Forest plot showing the sensitivity values of MRI of early osteonecrosis of the femoral head

Fig. 3
figure 3

Forest plot showing the specificity values of MRI of early osteonecrosis of the femoral head

Based on the chi-squared test (Q = 125.33, P = 0.000) and I2 tests (I2 = 66.5%), heterogeneity was high, so we chose random-effects model to analyze the positive likelihood ratio, and the global positive likelihood ratio was 2.74 (95% CI 1.98–3.79, Fig. 4). Therefore, a positive MRI result was increased by 2.74-fold in the odds of an accurate diagnosis of patients who actually had early osteonecrosis of the femoral head. Based on the chi-squared test (Q = 69.58, P = 0.005) and I2 tests (I2 = 39.6%), with low heterogeneity, we chose the fixed-effects model to analyze the negative likelihood ration. The global negative likelihood ratio was 0.18 (95% CI 0.14–0.23, Fig. 5), indicating the use of MRI, which was close to zero. Specifically, the odds of a false-positive result were increased by only a factor of 0.18.

Fig. 4
figure 4

Forest plot showing the positive likelihood ratio of MRI

Fig. 5
figure 5

Forest plot showing the negative likelihood ratio of MRI

Based on the chi-squared test (Q = 59.71, P = 0.037) and I2 tests (I2 = 29.7%), heterogeneity was low, so we chose the fixed-effects model to analyze the DOR, with the global DOR being 27.27 (95% CI 17.02–43.67, Fig. 6). And the odds of a positive MRI result were 27.27-fold higher among individuals with early osteonecrosis of the femoral head compared to those without the disease. The area under the SROC was 93.38% (AUC = 93.38%; 95% CI 90.87%–95.89%, Fig. 7), indicating high accuracy.

Fig. 6
figure 6

Forest plot showing the diagnostic odds ratio of MRI of early osteonecrosis of the femoral head

Fig. 7
figure 7

Summary ROC plots for diagnostic accuracy of MRI of early osteonecrosis of the femoral head

Conclusions

Several systematic reviews and meta-analysis have been published concerning the diagnostic accuracy of MRI of early osteonecrosis of the femoral head. Li et al. [51] found that the sensitivity and specificity of MRI were 95%(95% CI 94–96%) and 77%(95% CI 70–83%), respectively. Moreover, the DOR was 31.89%(95% CI 17.32–58.70%), and the AUC under the SROC was 0.9166. MRI was associated with high diagnostic accuracy in the patients with suspected early ANFH. Song et al. [52], who included 21 articles, reported that MRI was more effective than CT in diagnosing ANFH. Significant statistical difference was identified between them (OR, 0.13; 95% CI 0.03–0.51). Su et al. [53], who included 8 studies of 515 patients, found the ANFH positive rate between CT and MRI was statistically significant (OR, 0.12; 95% CI 0.04–0.33), so as the early stage positive rate (OR, 0.45; 95% CI 0.26–0.78). Therefore, MRI appears to be a promising diagnostic tool for avascular necrosis of the femoral head.

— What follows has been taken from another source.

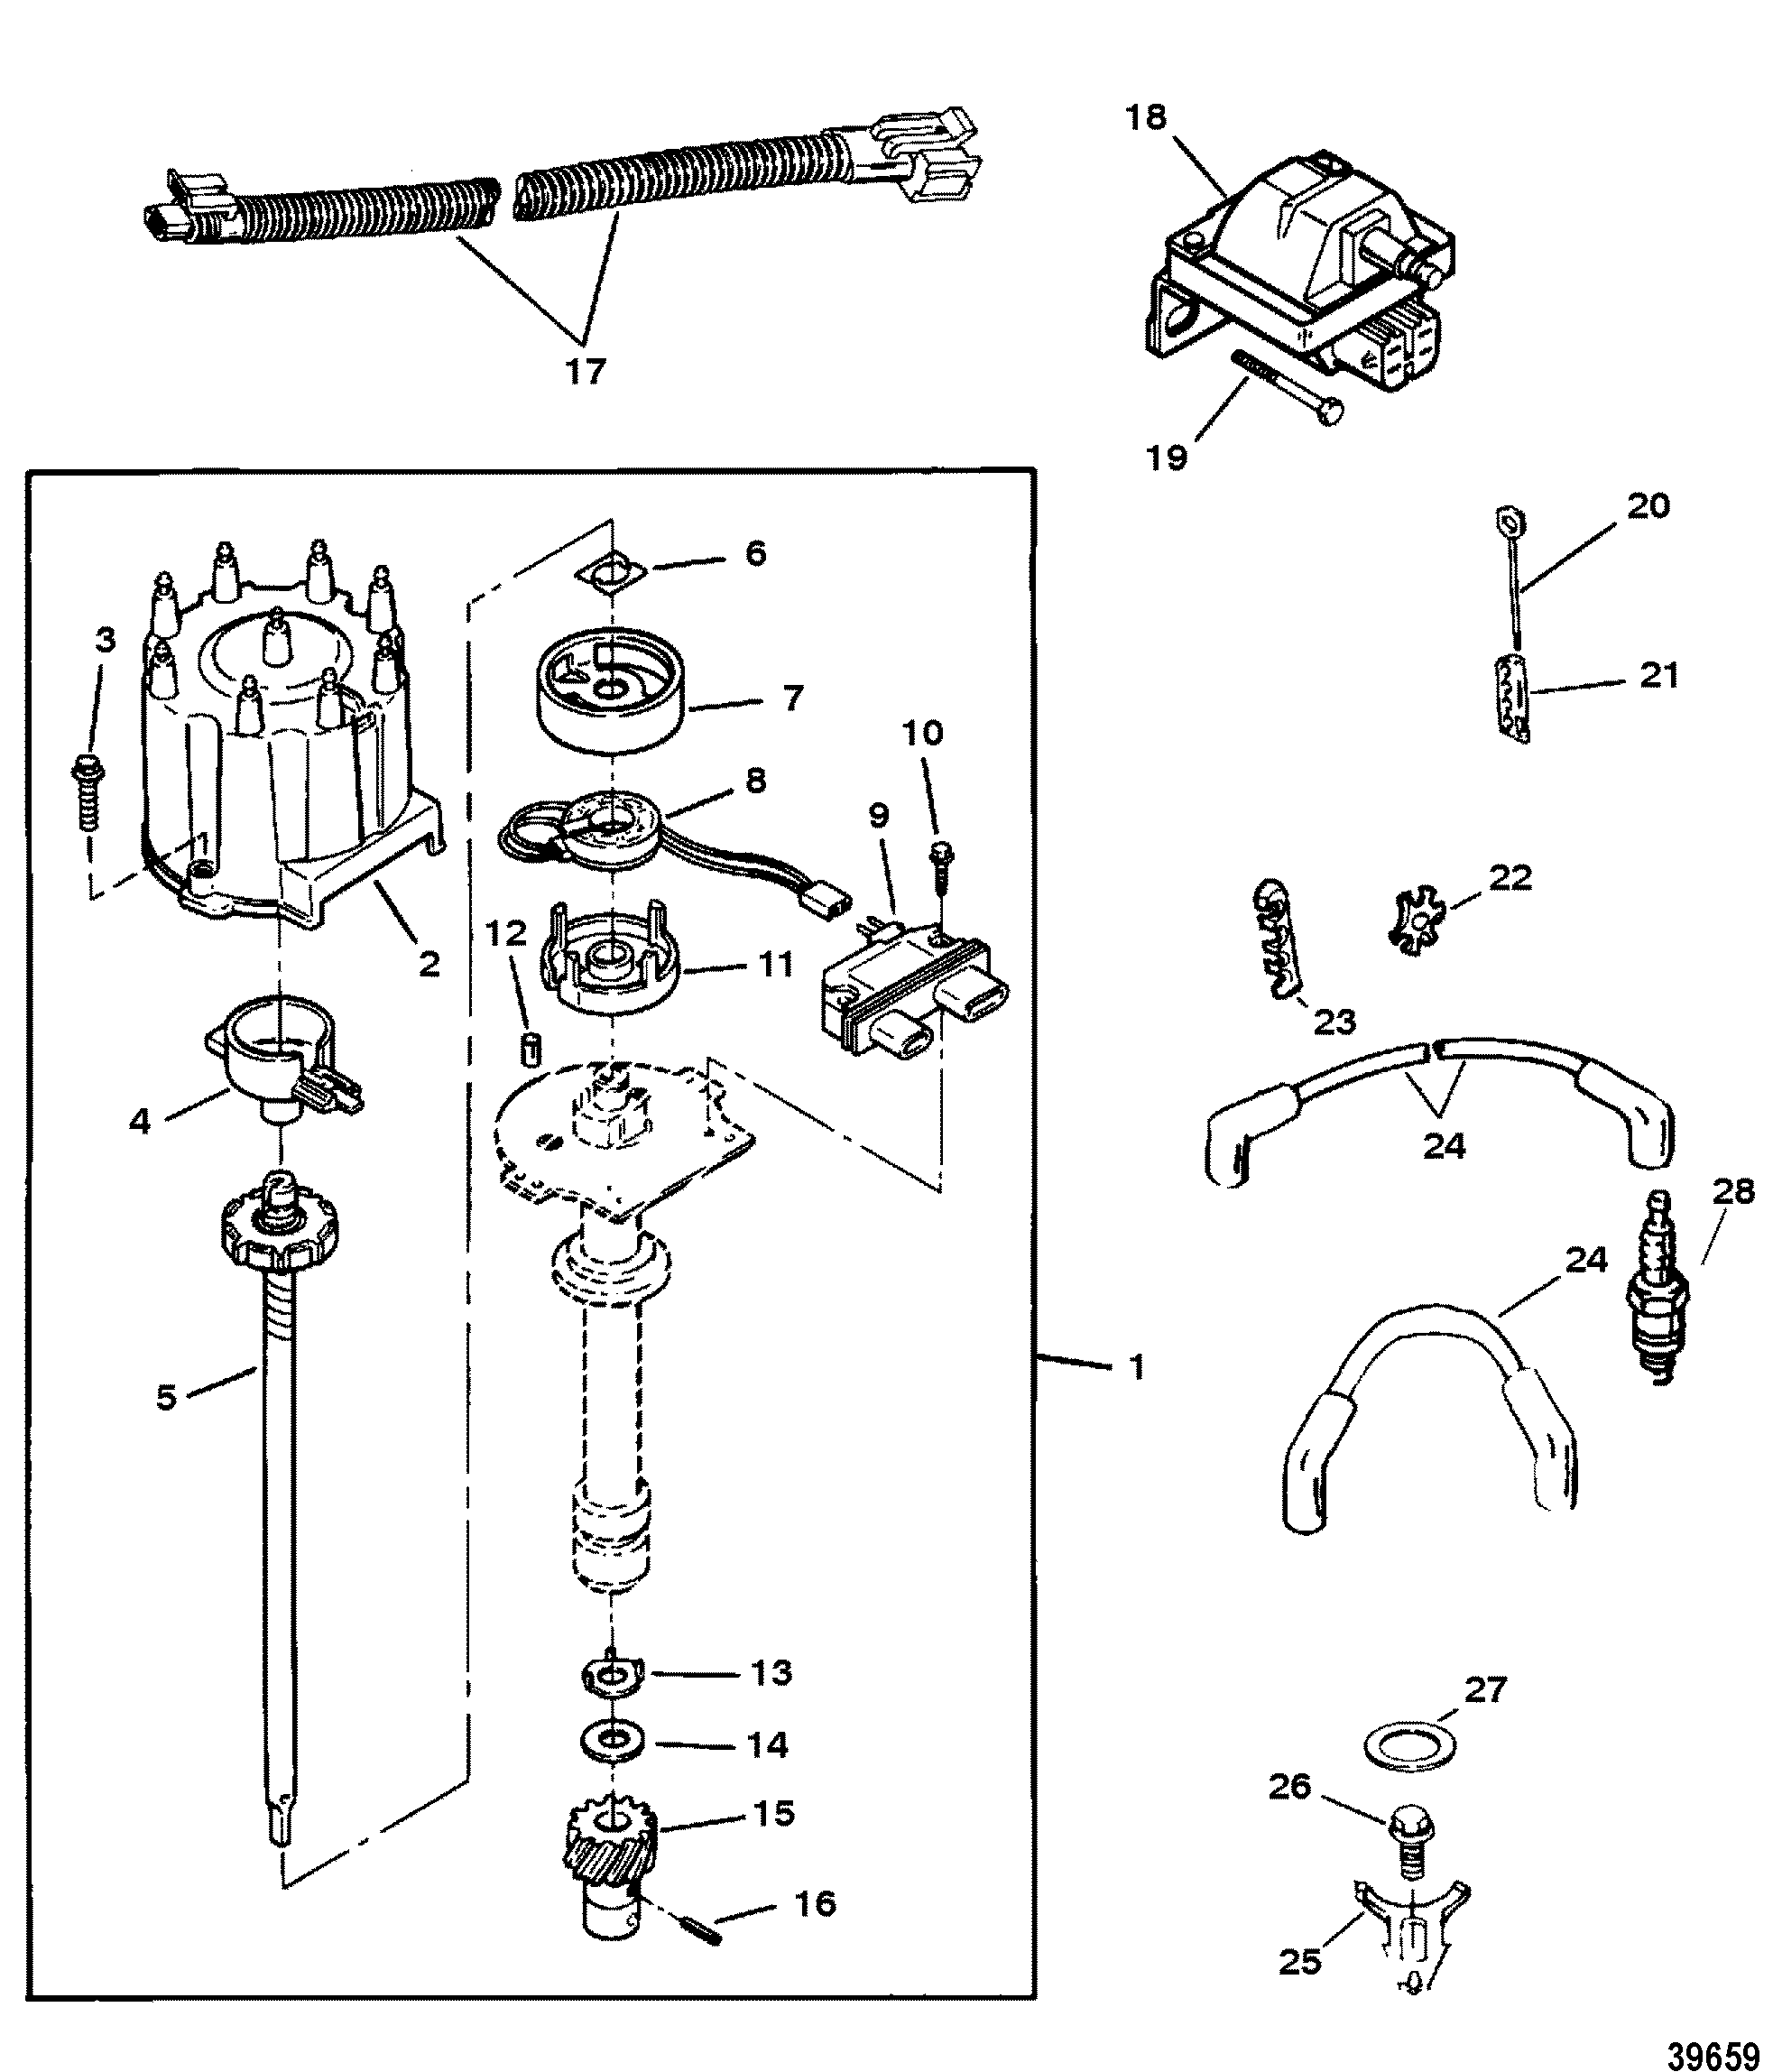 DISTRIBUTOR AND IGNITION COMPONENTS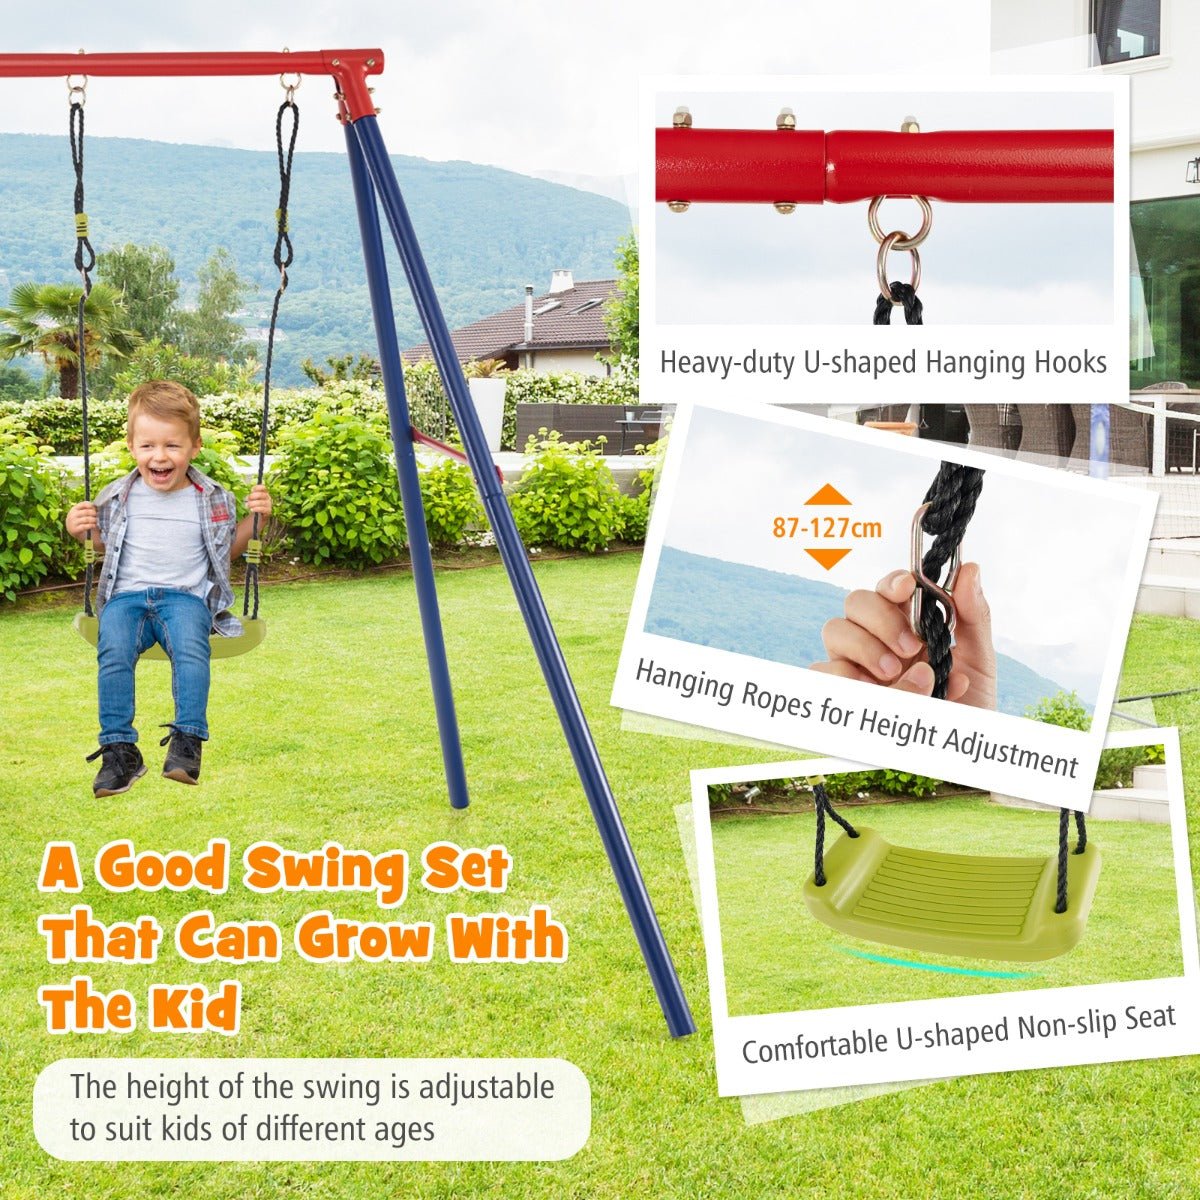 Adjustable Height 2-in-1 Swing Set: Exciting Playtime for Children

However, there were several limitations in this analysis: (1) differences in the inclusion and exclusion criteria for patients, (2) different patients with previous disease and treatments were unavailable, (3) all the included studies were from English and Chinese articles, which may be the source of bias, (4) the fluency of technicians between different studies varied, and (5) pooled data were used for analysis, and individual patients’ data were unavailable, which limited a more comprehensive analysis.

In summary, in this systematic review and meta-analysis, MRI as a diagnostic method is associated with higher accuracy for detecting ANFH. More studies and randomized controlled trails with high-quality and large samples are warranted for further evaluation.